#### PROBLEM TO WORK ON
All lines below must be repeated exactly, with the pictures omitted.

#### DATASET EXTRACT
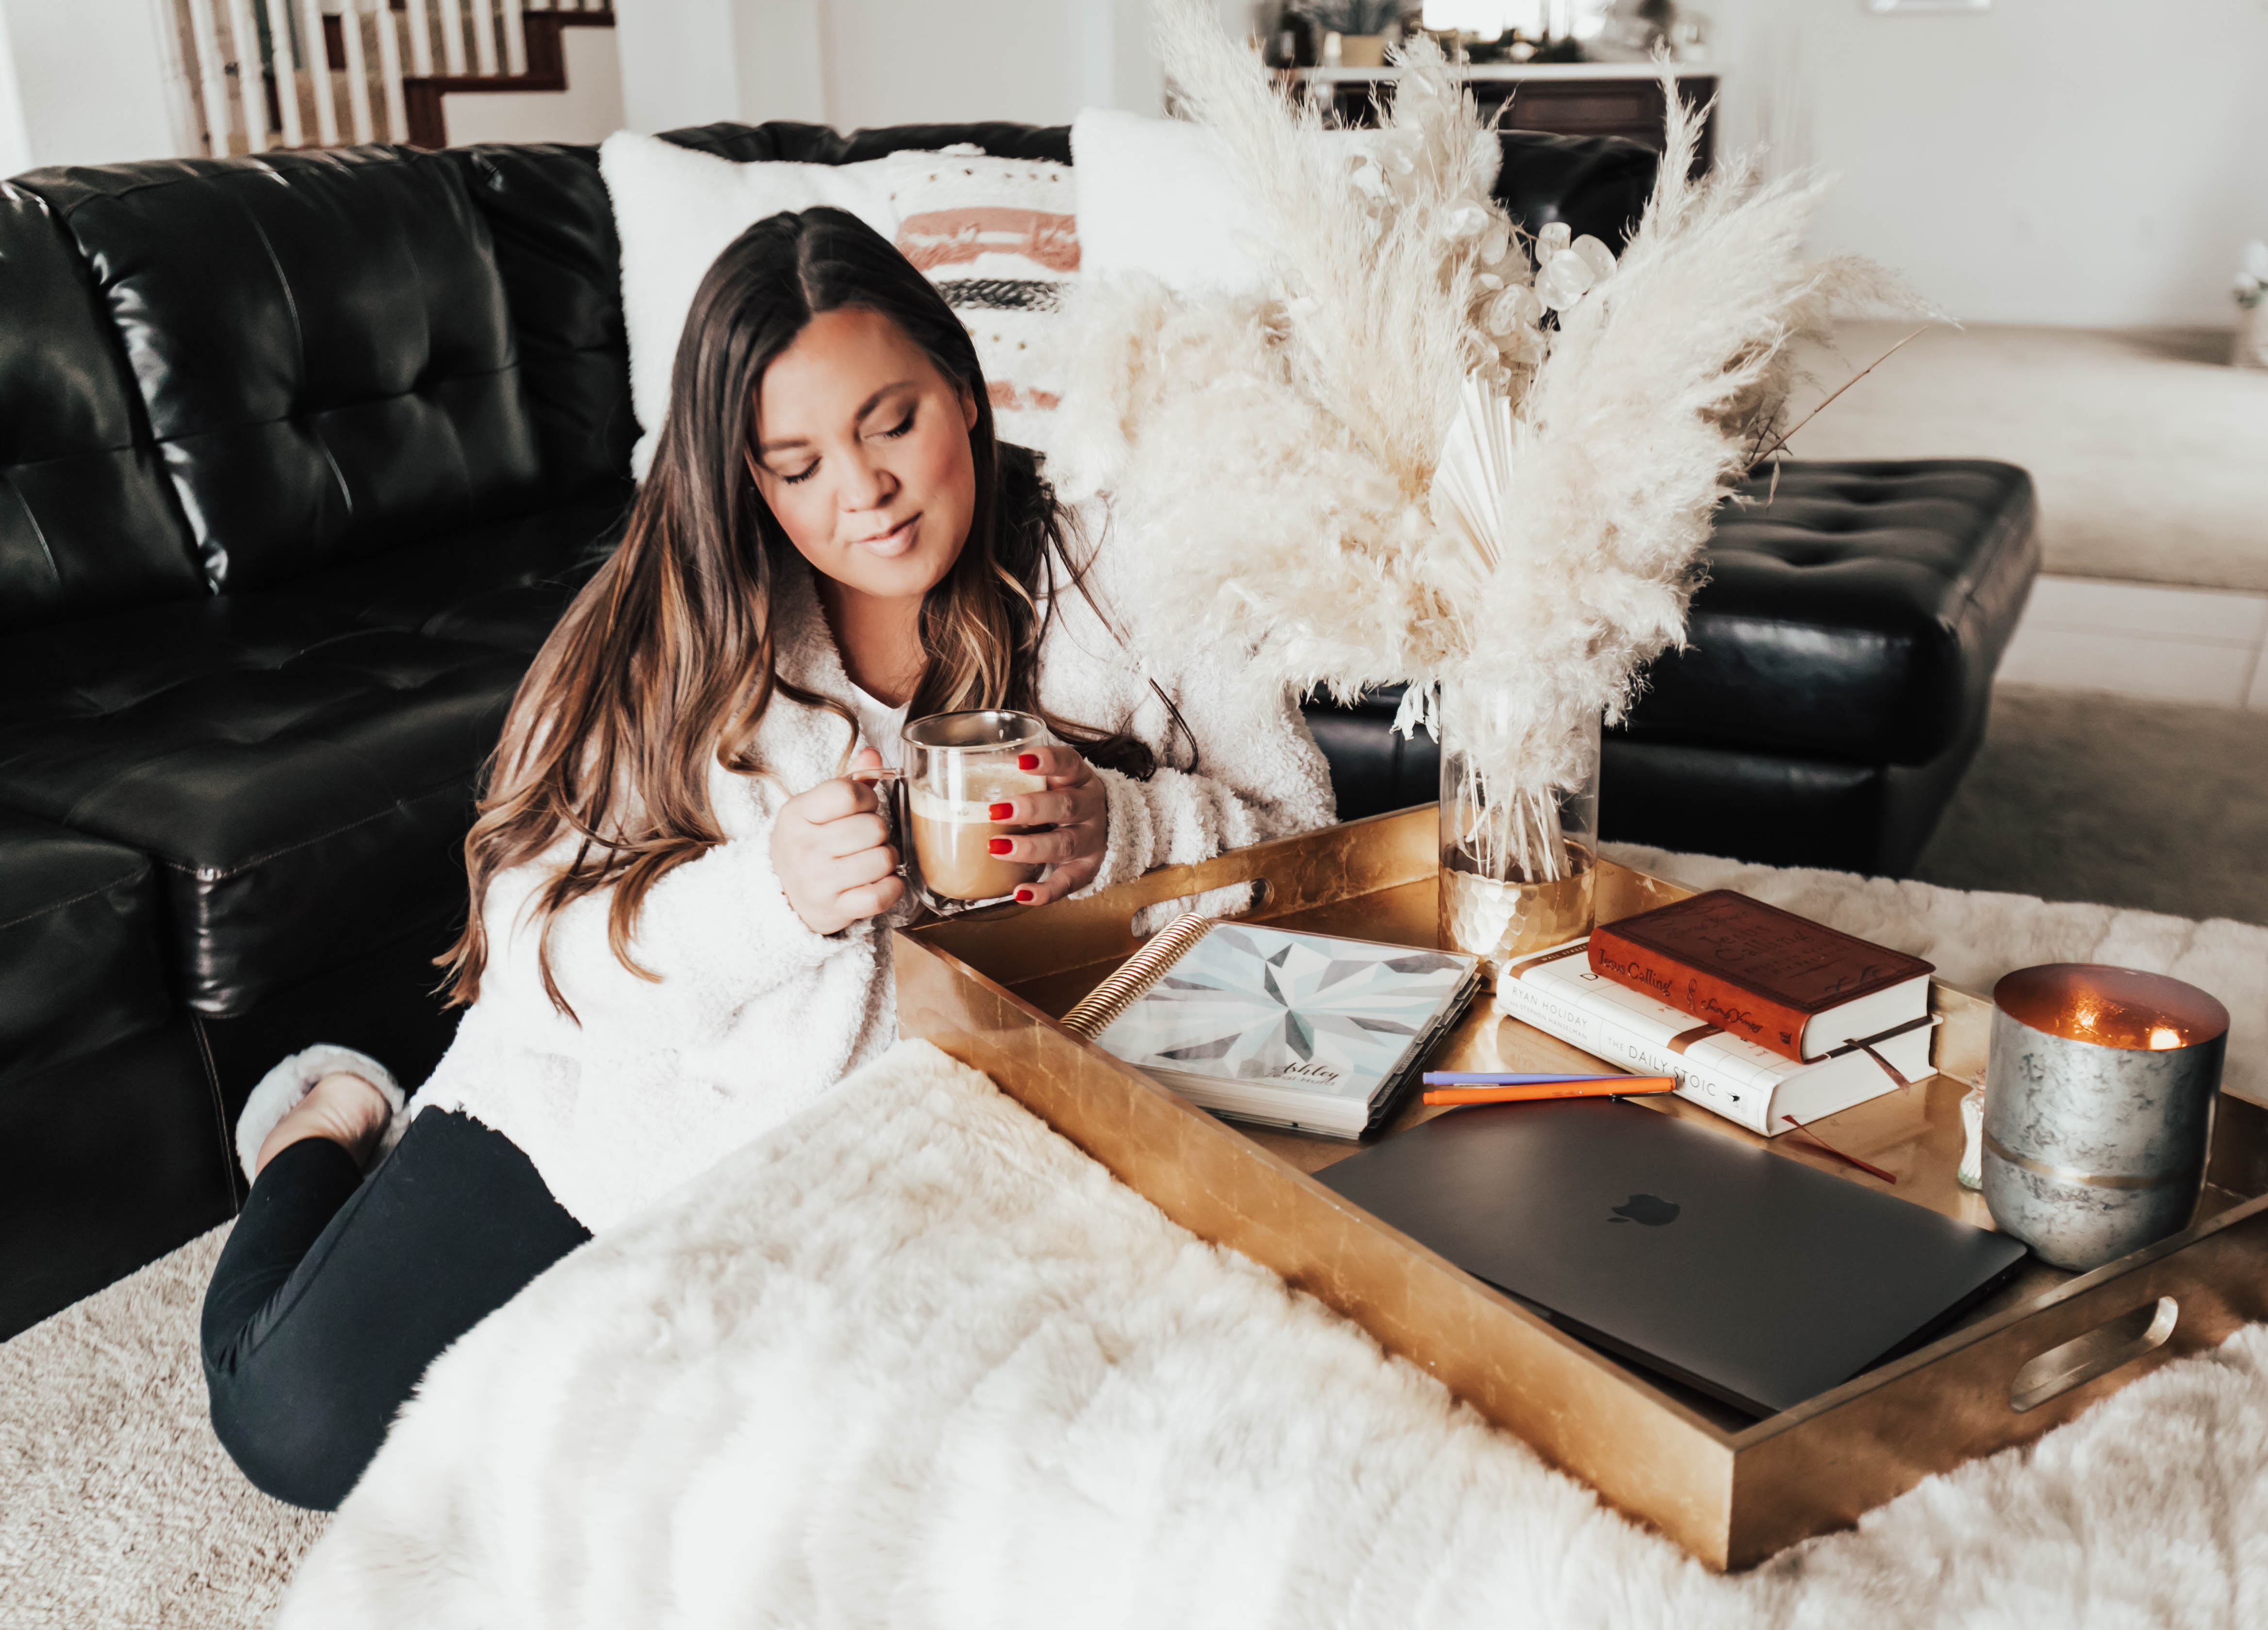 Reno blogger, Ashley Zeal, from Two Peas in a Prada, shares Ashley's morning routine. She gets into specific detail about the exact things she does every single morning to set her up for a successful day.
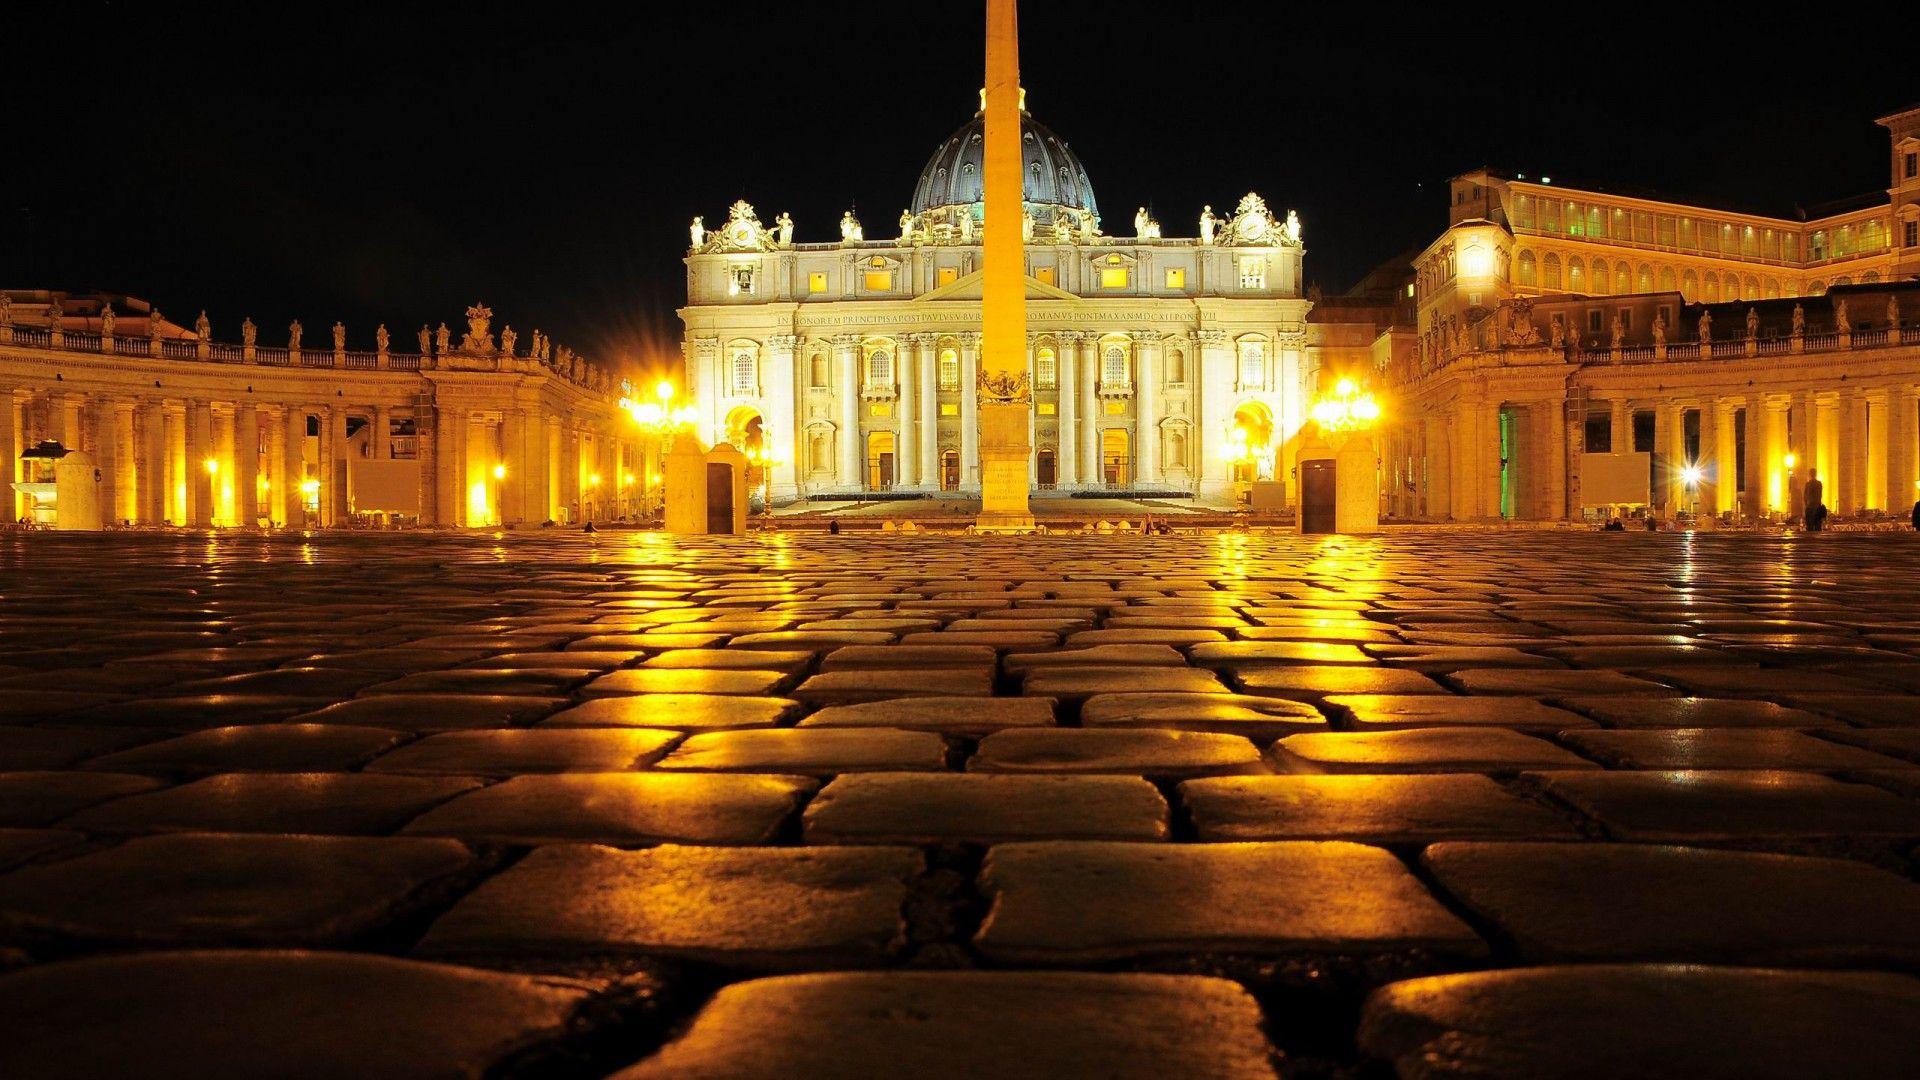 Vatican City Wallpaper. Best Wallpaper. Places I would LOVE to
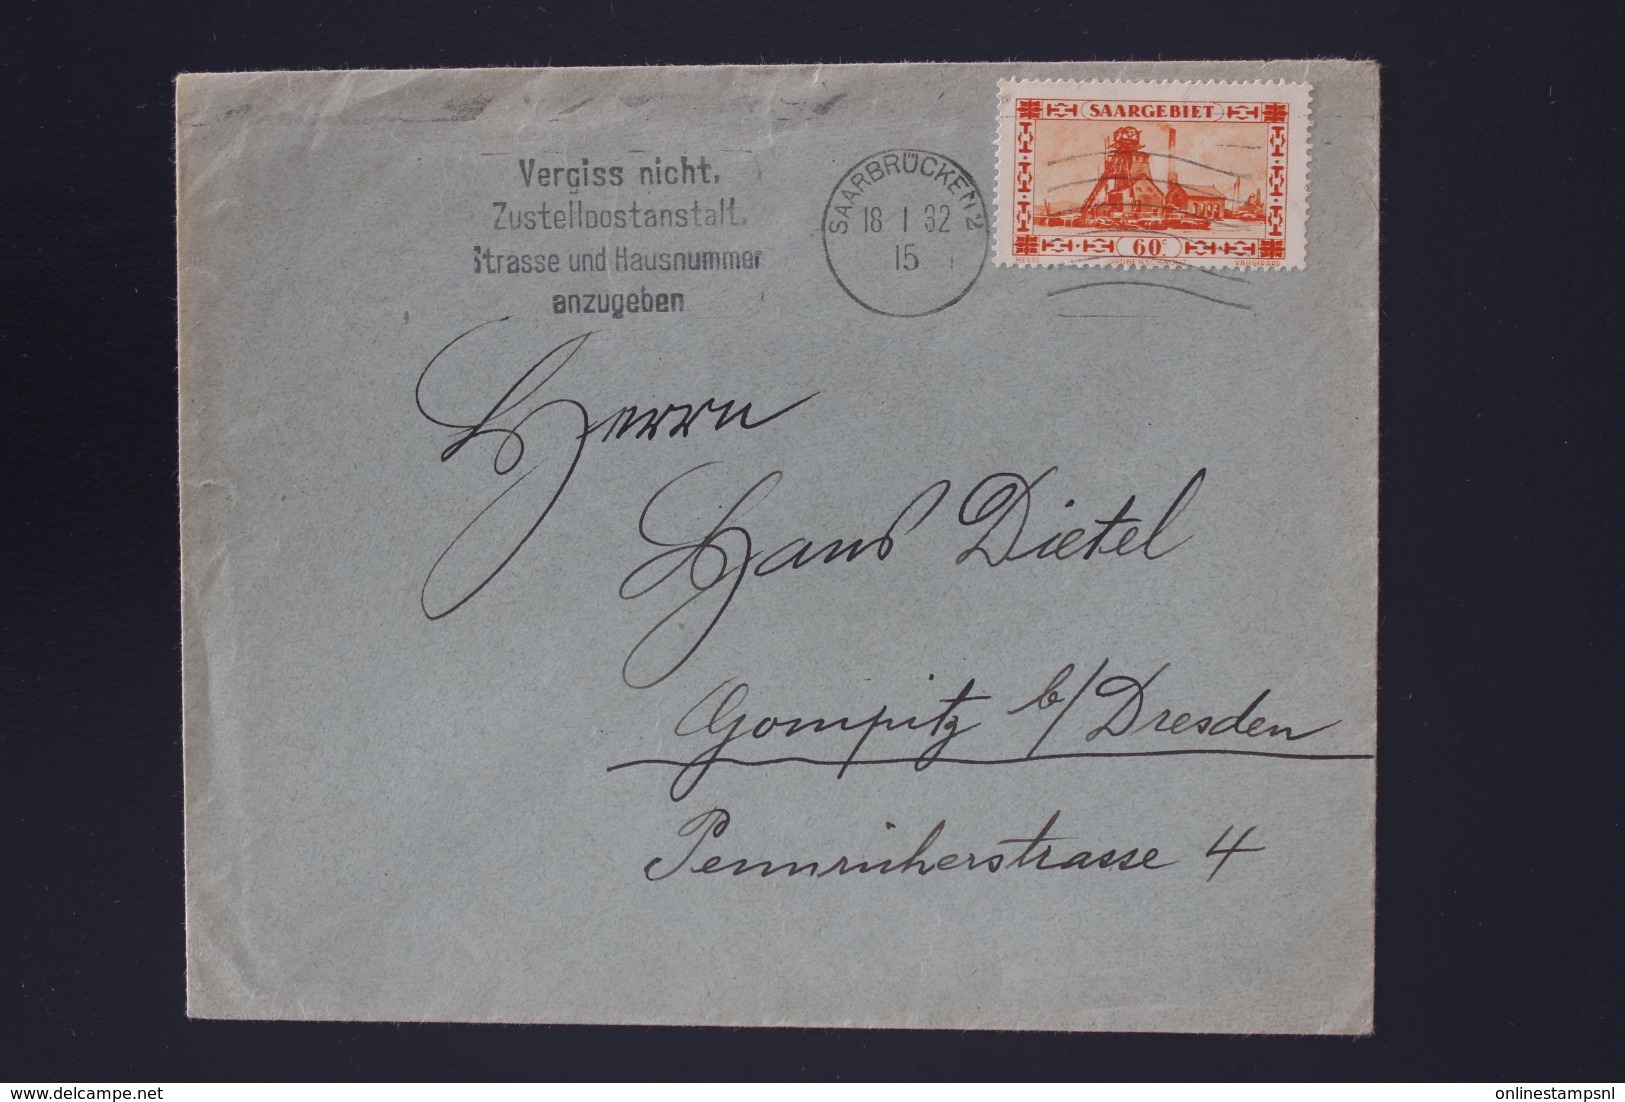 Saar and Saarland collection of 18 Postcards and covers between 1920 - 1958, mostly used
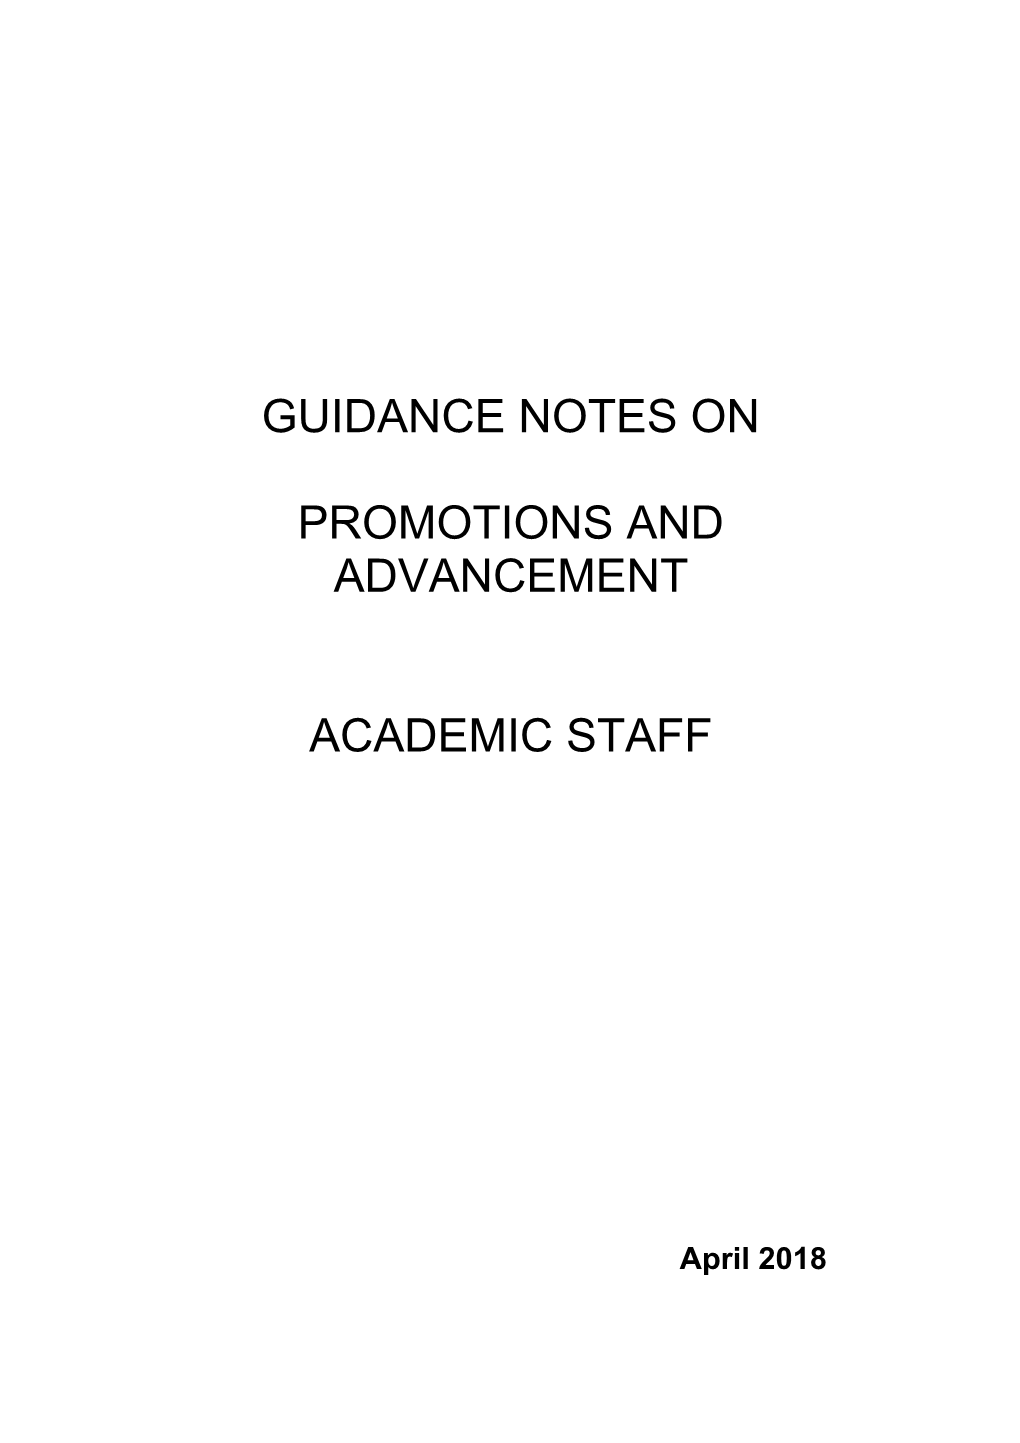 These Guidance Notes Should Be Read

#### SOLUTION TO THIS EXERCISE
 Reno blogger, Ashley Zeal, from Two Peas in a Prada, shares Ashley's morning routine. She gets into specific detail about the exact things she does every single morning to set her up for a successful day.
 Vatican City Wallpaper. Best Wallpaper. Places I would LOVE to
 Saar and Saarland collection of 18 Postcards and covers between 1920 - 1958, mostly used
 These Guidance Notes Should Be Read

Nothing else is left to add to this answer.